Kappa Mikey is an American animated television series created by Larry Schwarz. The show was created by Schwarz's studio Animation Collective. The series premiered on February 25, 2006 and ended on September 20, 2008. 52 episodes were produced.

The show was first picked up in 2002, when it was announced that Noggin's teen block The N would be co-developing and airing the series. Animation World Network reported that Noggin/The N had signed on as a co-producer. However, the show was moved to Nicktoons Network, a sister channel to Noggin. With the move, it became the first half-hour series to premiere exclusively on Nicktoons.

Plot
The series is a parody of Japanese anime, featuring a young American actor named Mikey whose appearance is styled after Western cartoons, and travels to Japan to star in a tokusatsu show called LillyMu, where his anime-influenced co-stars represent common anime clichés.

Each episode follows a specific formula. A typical episode starts with the cast filming a LilyMu segment, but the take is ruined, sometimes revealing the conflict that the characters deal with through the rest of the episode, with a minor subplot running beneath the main plot. After the problem is resolved, the LilyMu segment will be shot again and successfully completed the second time, often rewritten to incorporate whatever lesson was learned during the main story.
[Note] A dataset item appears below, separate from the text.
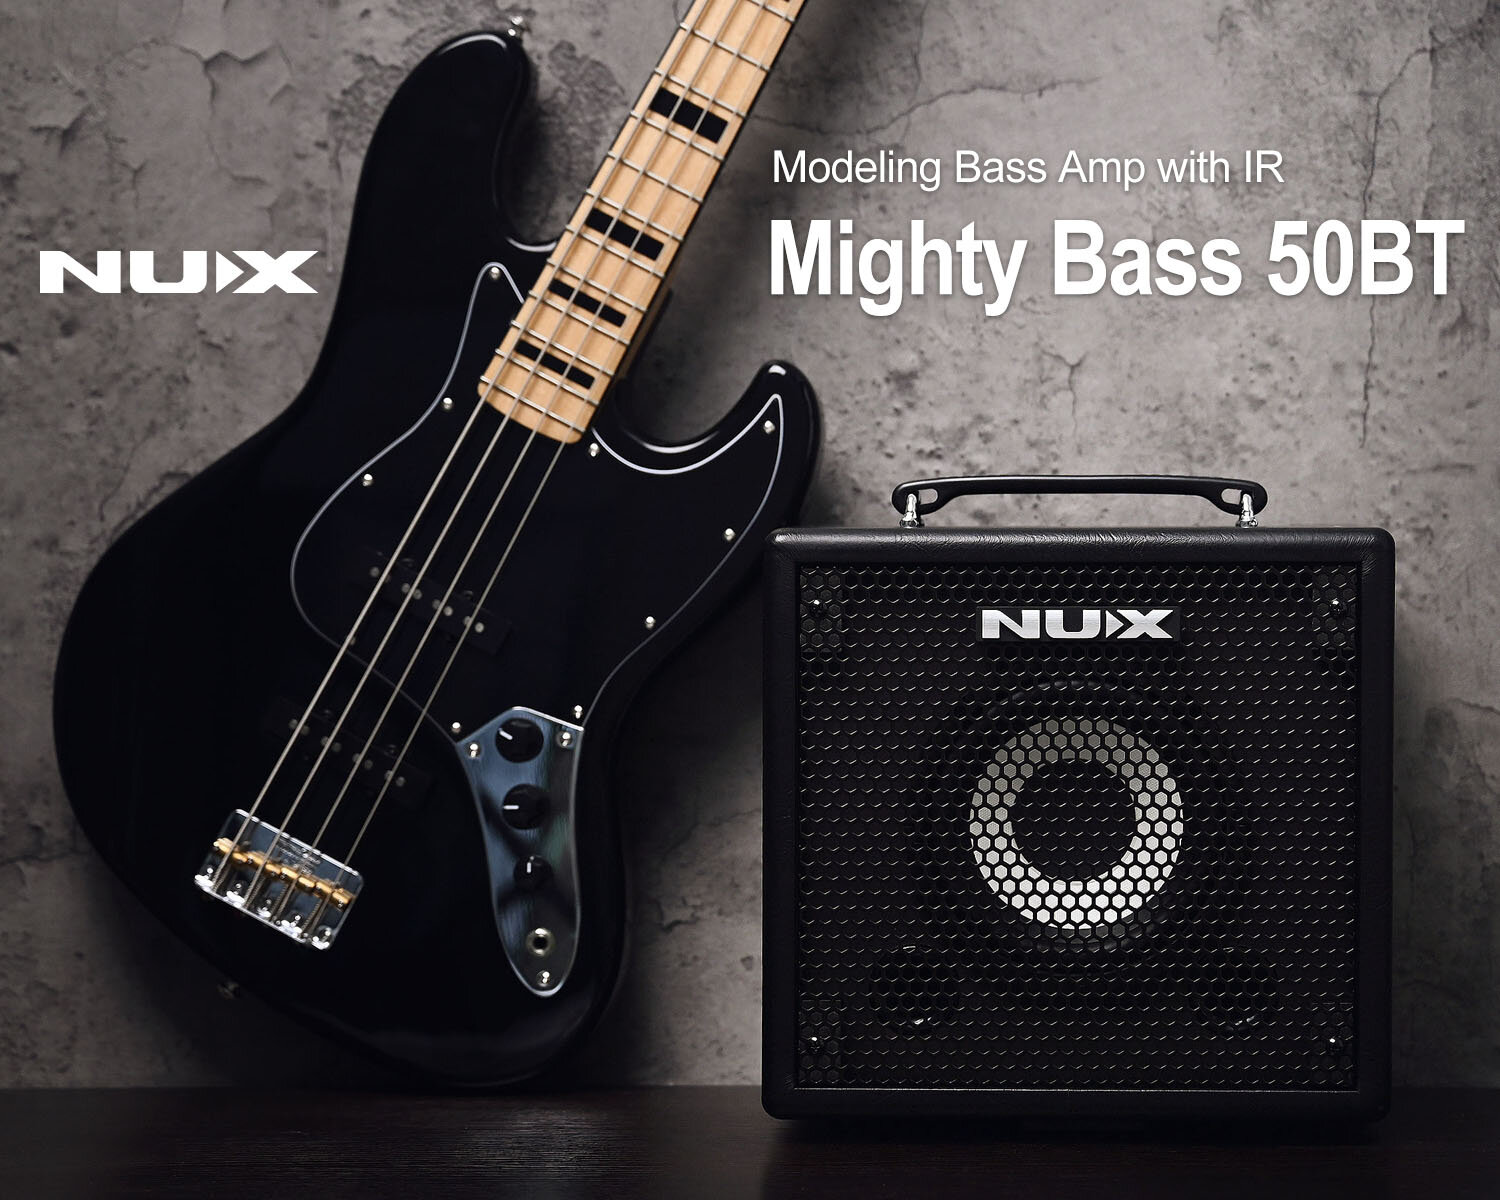 Mighty Bass 50BT

Deep into season 2, Kappa Mikey has stopped showing a LilyMu sequence at the end of an episode whenever it would make the episode too long, when the characters are in their LilyMu uniforms enough as it is, or when they successfully film a sequence without any mistakes before the ending.

Production
The show's title is a play on the word kappamaki, a type of sushi. It is suggested that the show was the inspiration for naming the title character "Mikey" and used the prefix "kappa". Like Mikey, who is a "fish out of water" in Japan, the kappa itself is a water demon creature who can live on land. The kappas first appeared on this show in the episode "Mikey, Kappa" on August 5, 2007, where the origin of the title was explained. Coincidentally, Mikey also shares his name with the actor who supplies his voice.

Unlike other cartoons produced at the turn of the 21st century, the property was owned by the studio instead of an agency, the animation was not outsourced and the episodes were written by full-time staff. After producing Internet-based projects and television spots, the series became Animation Collective's first television series. The series was produced in New York City; pre-production began in 2002 and animation started in the summer of 2005. Production for the two seasons wrapped in September 2007.
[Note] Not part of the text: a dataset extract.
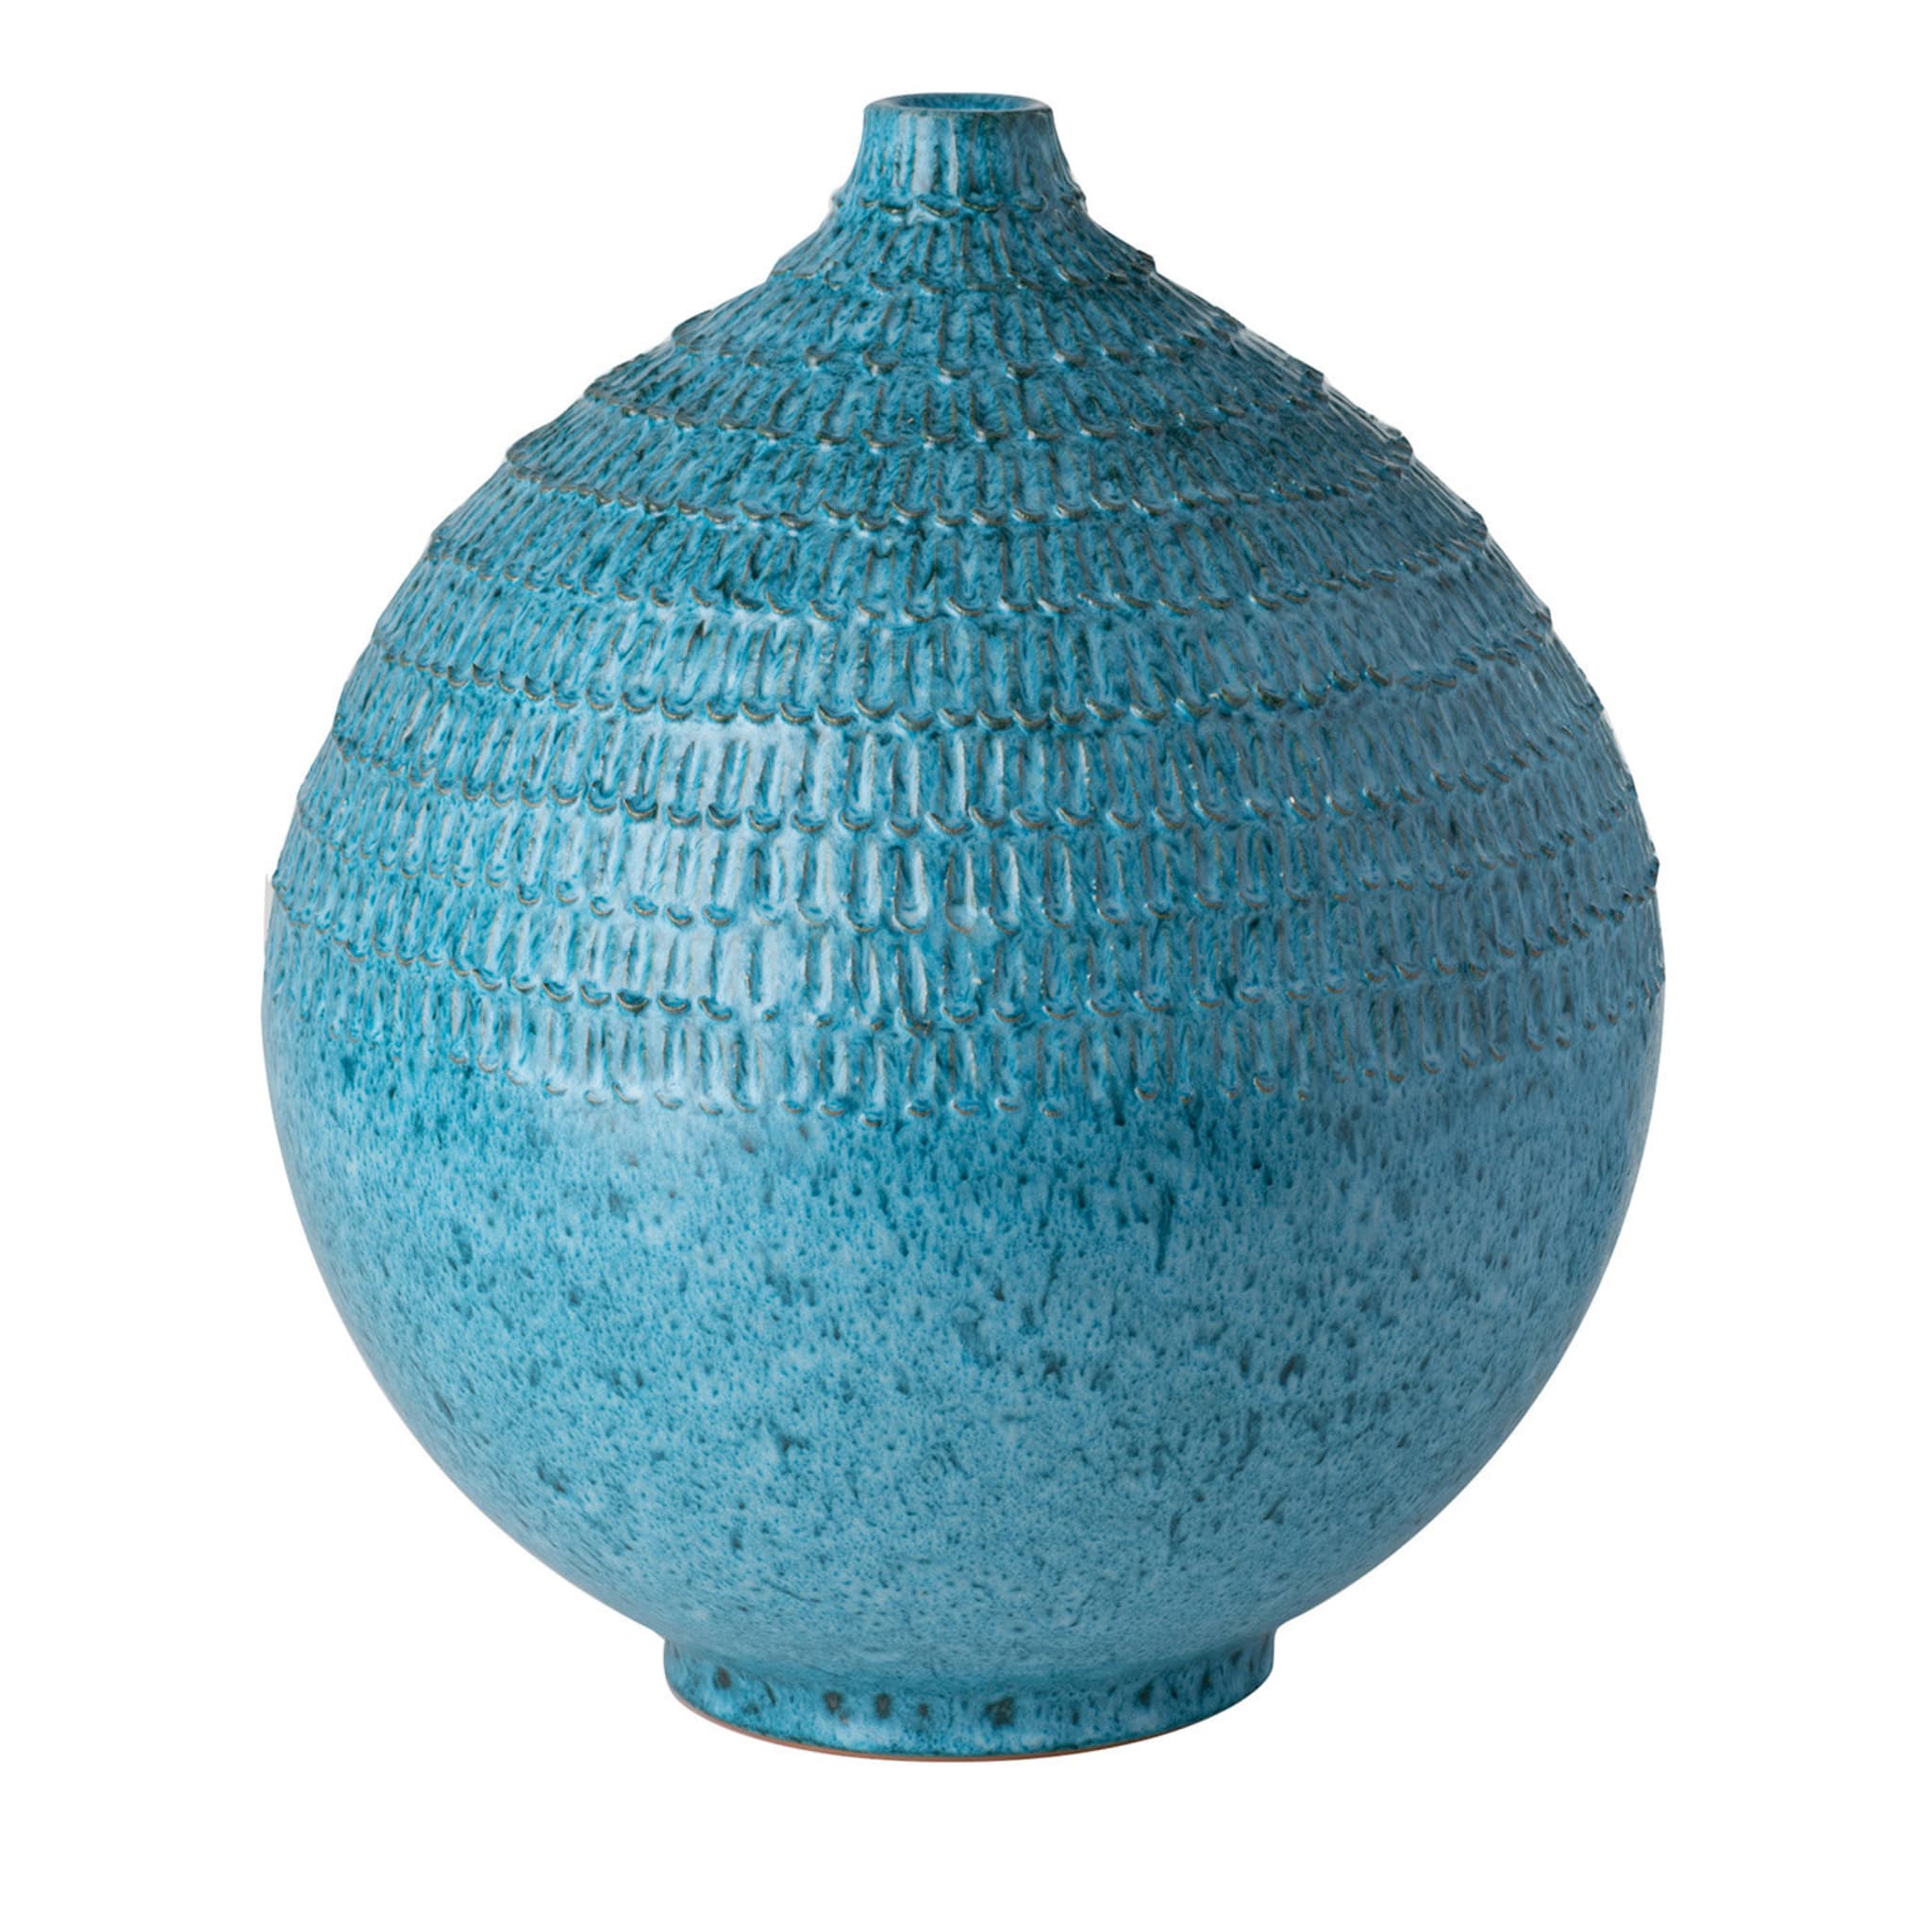 Türkisfarbene gekerbte Vase - Hauptansicht

Schwarz conceived the series in 2000, when he was working at Rumpus Toys, a toy design company in New York City, but they folded before any storyboarding could commence. They resurfaced years later as Animation Collective, and produced an early test pilot for a pitch to MTV Networks, where the character designs and backgrounds were closer to those found in Adult Swim series Perfect Hair Forever, and the humor was also more adult-oriented. Much of the current cast was voicing their characters even this early in production.

In September 2001, Sunbow Entertainment signed a co-production deal with Rumpus Toys to produce the series. Sunbow's parent company TV-Loonland AG would hold worldwide and home video distribution rights. In May 2002, the project was picked up by Noggin for its teen-oriented programming block The N. Noggin/The N signed a co-development deal for the series, while Animation Collective retained the series' copyright and took over distribution rights from TV-Loonland. The show was retooled to appeal to a slightly younger demographic than MTV's main 18-34 year old audience. For unknown reasons, Sunbow later pulled out of the deal, and by the time animation was completed, The N had shifted more to live-action shows, and Kappa Mikey was moved to the younger-skewing Nicktoons Network, where the series was tweaked even further in order to be aimed at younger children. Voice talents were usually local, and its audio was recorded at Manhattan-based NYAV Post, which Michael Sinterniklaas owns. Larry Schwarz, along with the other executive producers, oversaw all phases of production, but only had writing credits on the pilot episode, "Mikey Impossible" and "A Christmas Mikey". All the episodes were directed by Sergei Aniskov. The instrumental score was composed by John Angier, who also wrote the lyrics to "The Recycling Song", "Ori and Yori's Hits", "Living With Mikey", "How Did We Get Here?" and the songs from "The Karaoke Episode".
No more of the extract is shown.